MANAGEMENT: Caution is advised if corticosteroids and NSAIDs are used together, especially in patients with a prior history of peptic ulcer disease or GI bleeding and in elderly and debilitated patients. During concomitant therapy, patients should be advised to take the medications with food and to immediately report signs and symptoms of GI ulceration and bleeding such as severe abdominal pain, dizziness, lightheadedness, and the appearance of black, tarry stools. The selective use of prophylactic anti-ulcer therapy (e.g., antacids, H2-antagonists) may be considered.
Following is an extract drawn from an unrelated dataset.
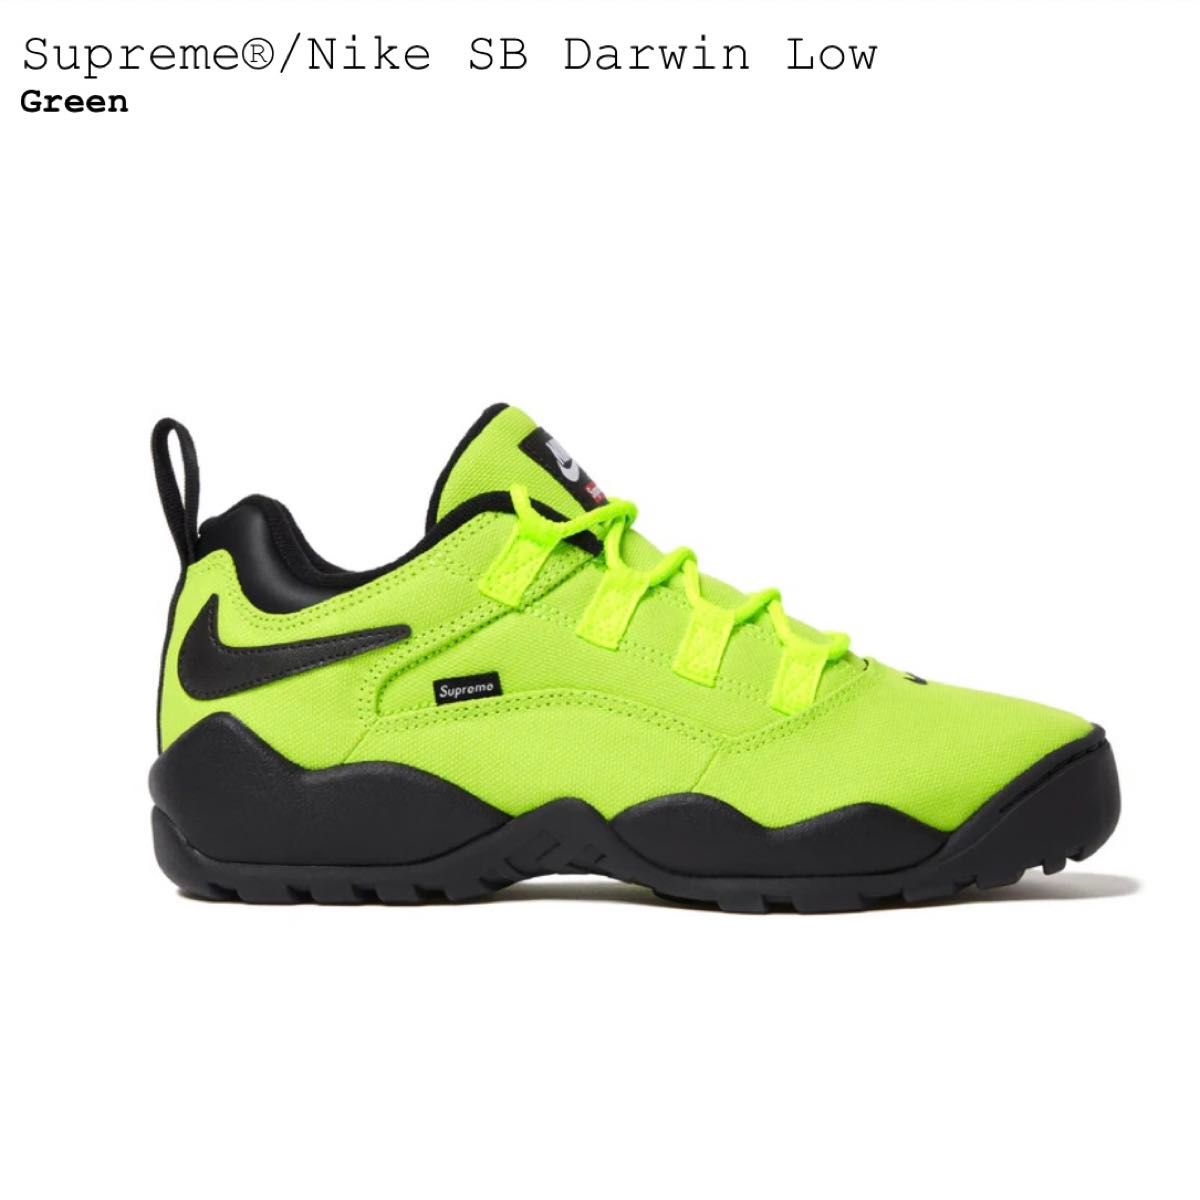 Supreme × Nike SB Darwin Low Green 28cm スニーカー ダーウィン US10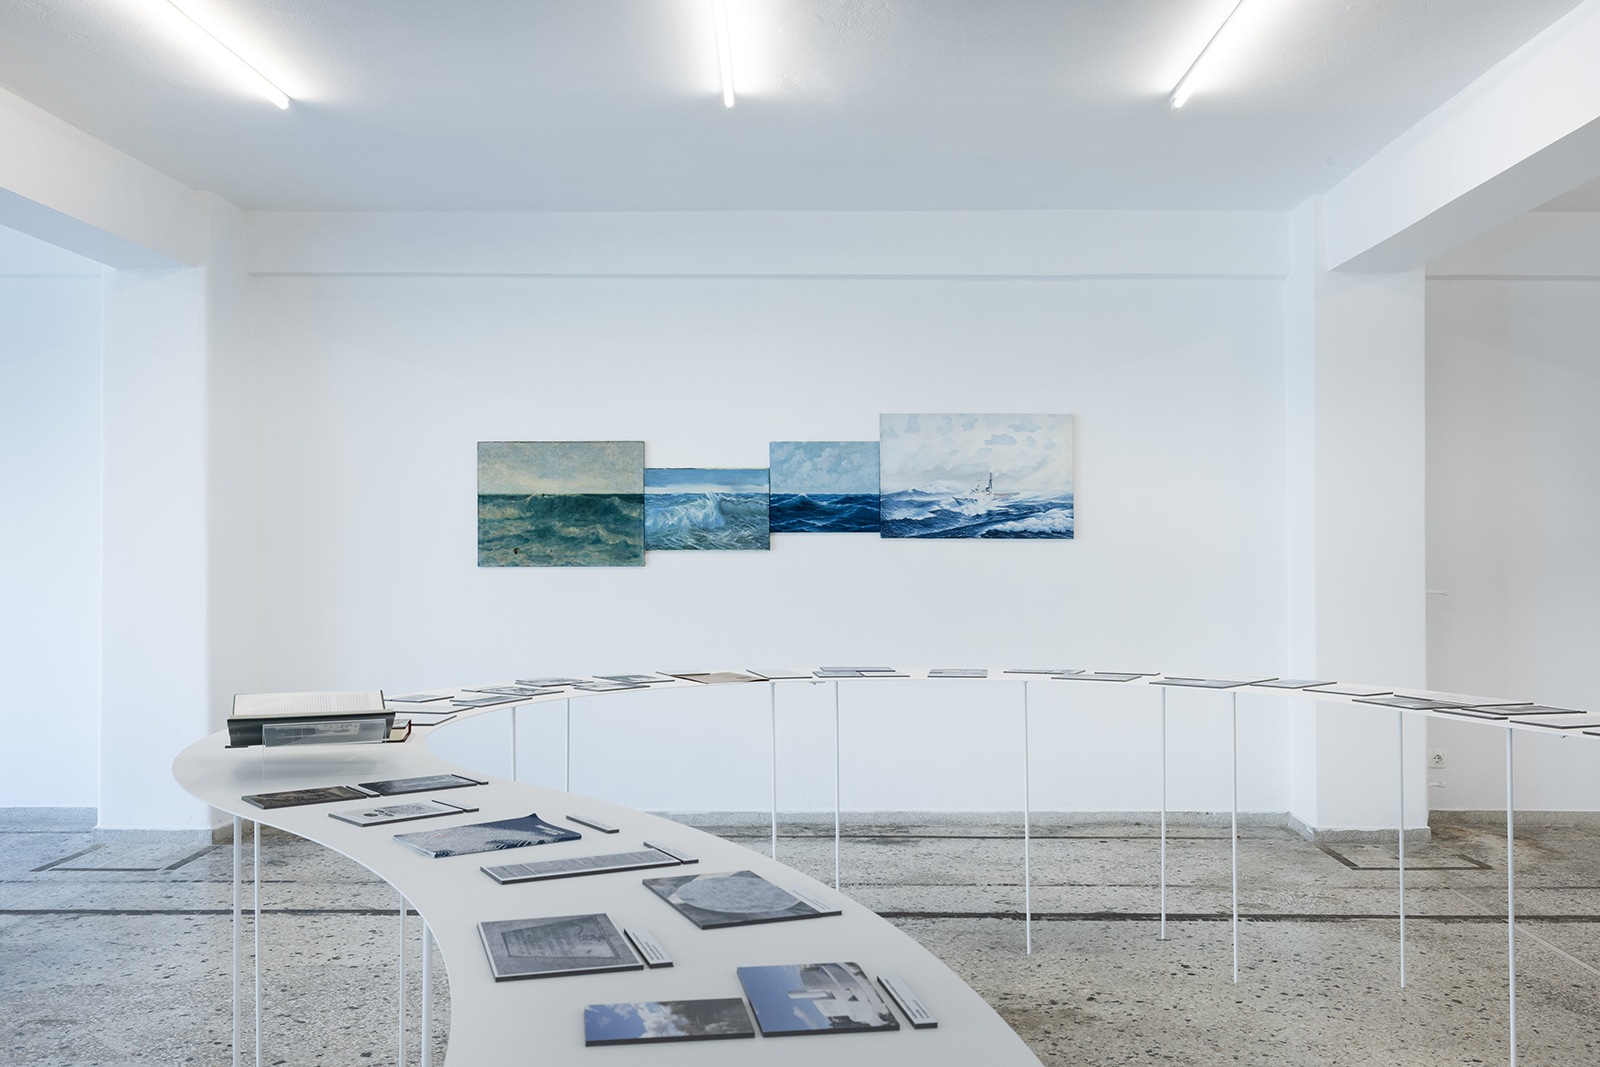 Archisearch Exhibition Design “The Sea Around Us” at TAVROS art space | Evita Fanou Architecture & Design

MONITOR: Coadministration with nonsteroidal anti-inflammatory drugs (NSAIDs) may potentiate the risk of central nervous system toxicity sometimes associated with fluoroquinolone use. The interaction has been reported most often with enoxacin. It may occur with other fluoroquinolones as well, but is poorly documented. The exact mechanism of interaction is unknown. Some investigators suggest that the piperazine ring of fluoroquinolones may inhibit the binding of gamma-aminobutyric acid (GABA) to brain receptors and that NSAIDs may synergistically add to this effect. Patients with a history of seizures may be at greater risk.

MANAGEMENT: Clinical monitoring for signs of CNS stimulation such as tremors, involuntary muscle movements, hallucinations, or seizures is recommended if fluoroquinolone antibiotics are prescribed in combination with NSAIDs.